"Faltar pudo la Patria al grande Osuna --pero no a la memoria sus hazañas..." Desdichadamente, los versos quevedianos han tenido una vigencia universal y permanente en el solar ibérico. La memoria y el agradecimiento son en él de manera casi indeficiente de naturaleza póstuma. La envidia y la falta de sensibilidad del hispano para el reconocimiento de la superioridad ajena se sitúan en el origen de dicha invidencia, que tantos males acarreó y acarrea para una convivencia estimulante.
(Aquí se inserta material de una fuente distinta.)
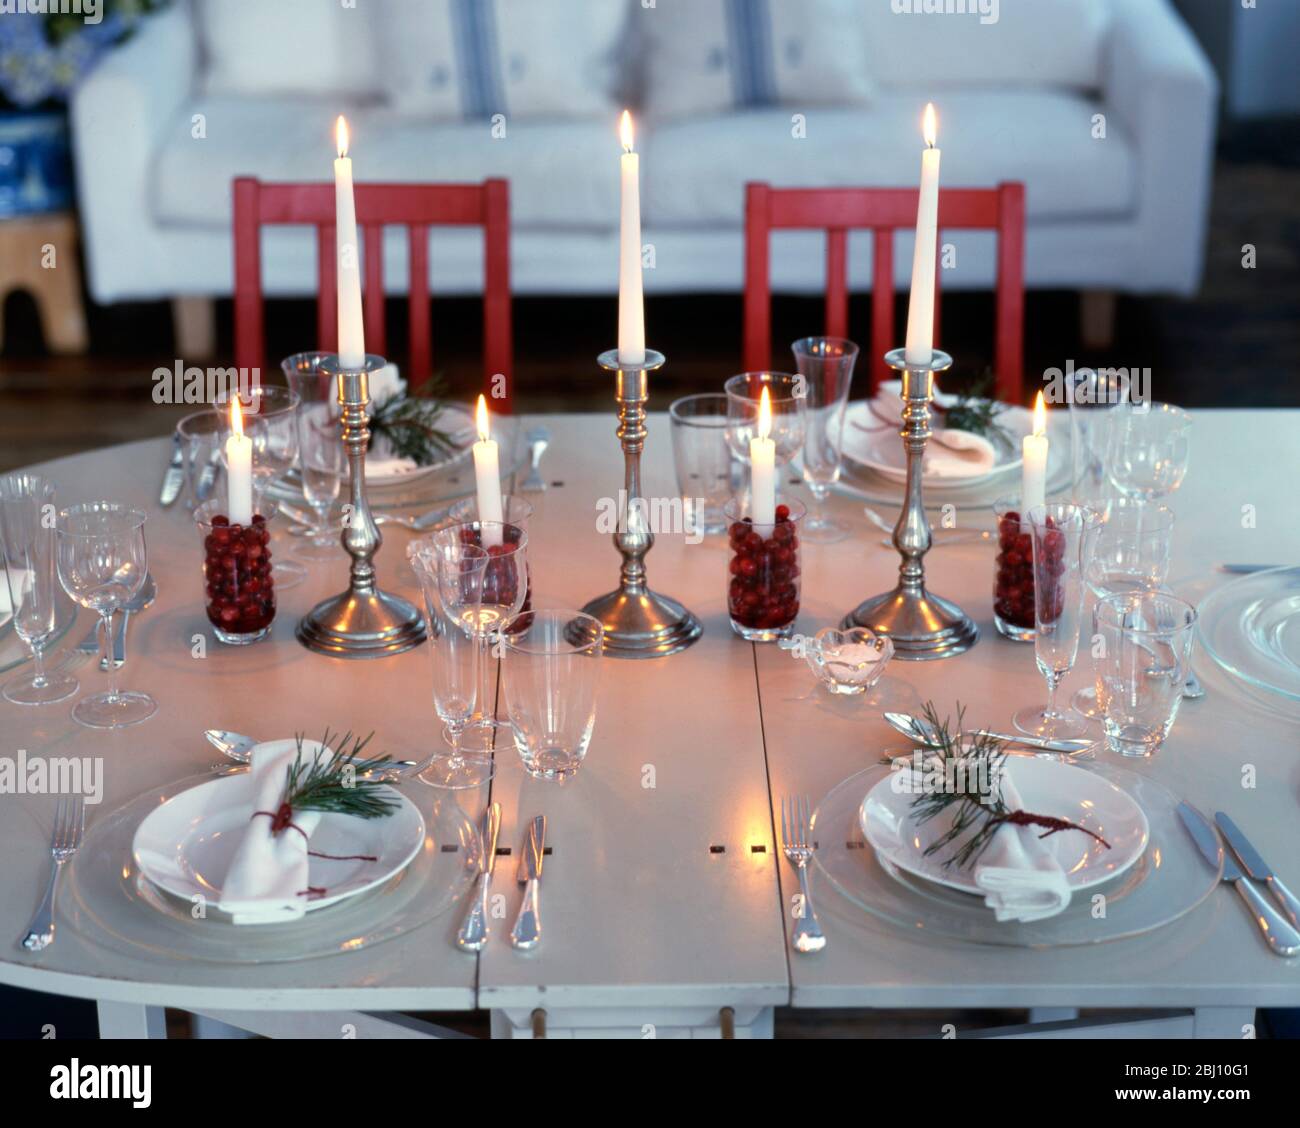 Tischgedeckte für Weihnachtsessen - skandinavischer Stil - Stockfoto
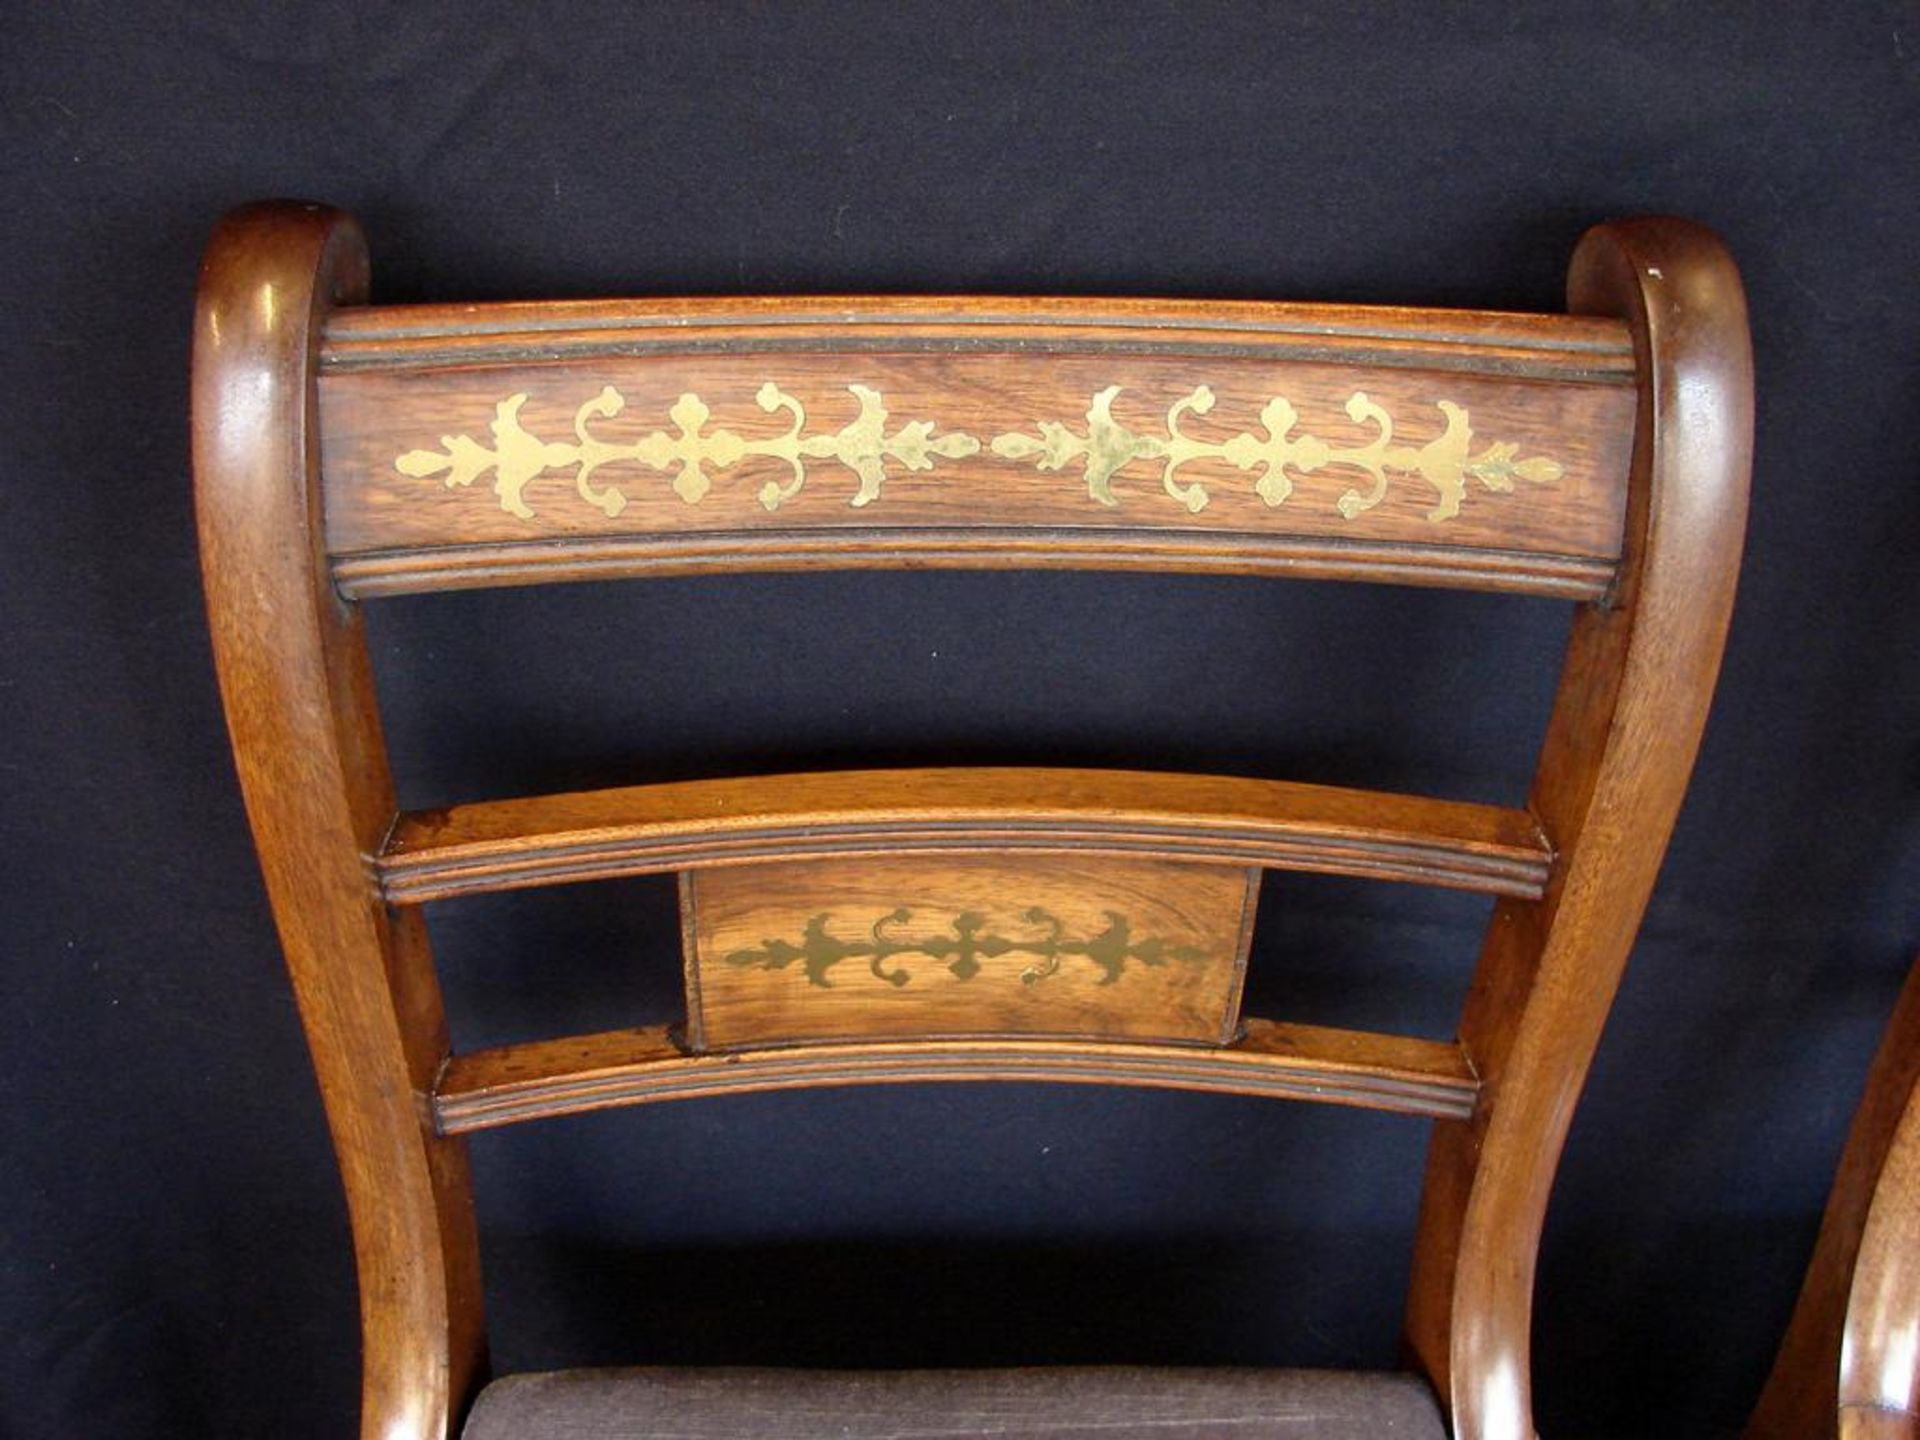 6 Stühle, Buche, mit Messingeinlegearbeiten, Bezug teils beschädigt - Bild 2 aus 3

Tras muchos y largos años de acortar diariamente el dominio del dolor y la enfermedad en la Córdoba de la segunda mitad del siglo XX, acaba de jubilarse de su ministerio hipocrático el descollante traumatólogo Manuel Gala Velasco. Diversas instituciones e incontables pacientes lo han tenido como pieza fundamental de su existencia, proyectada igualmente de manera decisiva sobre la de no pocos discípulos y colaboradores. Grande ha sido, pues, la cosecha de bienes y servicios producida por el destacado médico en una vida polarizada enteramente por los deberes de una profesión suscitadora más que otras de la gratitud, para la que --reconozcámoslo-- no corren por causas muy numerosas vientos muy favorables en los tiempos actuales.

Por fortuna, no han sido escasas las muestras de agradecimiento que, a nivel colectivo e individual, se profesaron en las últimas semanas a uno de los traumatólogos andaluces de más amplia estela en las décadas finiseculares del novecientos. Pero --y acaso sea tan sólo una falsa apreciación del articulista-- tal vez no en la medida que en ambos planos fuese acreedor. El talante sobrio y recatado que, en contraposición a otras gentes del Mediodía español, caracteriza a los cordobeses quizá también la propia naturaleza del doctor Gala, un mucho grave y algo hermética, contribuyeran a este déficit de reconocimiento público que, en la ahora de su retiro oficial, el cronista cree ver en la actitud de sus coterráneos.

En todo caso, se decía más arriba, la onda de la ingratitud y el olvido es en las sociedades postmodernas muy ancha y avasalladora. El presente más impúdico y agresivo lo llena todo y se adueña de los reflejos y resortes de personas y organismos en su comportamiento moral. En estos días llegó a su término en nuestra tierra andaluza --aparencial y gestualmente muy exuberante, íntima y verdaderamente, muy enteca-- la hoja de ruta burocrática de eminentes galenos, en medio de un ominoso silencio oficial y mediático; signo en verdad preocupante y en el que debieran reparar la legión de analistas que, Despeñaperros adentro, consagran su conformista pluma a ponderar narcisistamente los atributos del linaje andaluz. La elegancia física y, sobre todo, espiritual del doctor don Manuel Gala --auténticos signos distintitvos de su rica personalidad-- indultará cualquier pecado de ingratitud y --de existir-- todo agravio a su desbordada entrega al noble oficio de la Medicina. Lector de los clásicos, conocedor de la defraudadora al mismo tiempo que enaltecedora condición humana, la escala de la felicidad personal no la medirá por el "pulsómetro" u otros engañosos índices "de impacto", en la proliferante jerga periodística de hodierno. Otros serán sus valores y sus metas, de los que, llegado el momento, en su dimensión social y política, ofreció un testimonio tan claro como honesto.

Como en los versos del irrepetible y grandioso don Francisco de Quevedo y Villegas, el pesar lo provoca la comunidad, no el individuo sufriente y agraviado. Que la colectividad andaluza descubra flancos crecientemente anchos a la hora de otorgar su tributo y aplauso a los mejores de sus integrantes, es la reflexión más melancólica brotada del registro de los olvidos, desmemorias y oprobiosos marginamientos de una sociedad para la que el pasado, incluso el más fecundo, es una parcela yerma.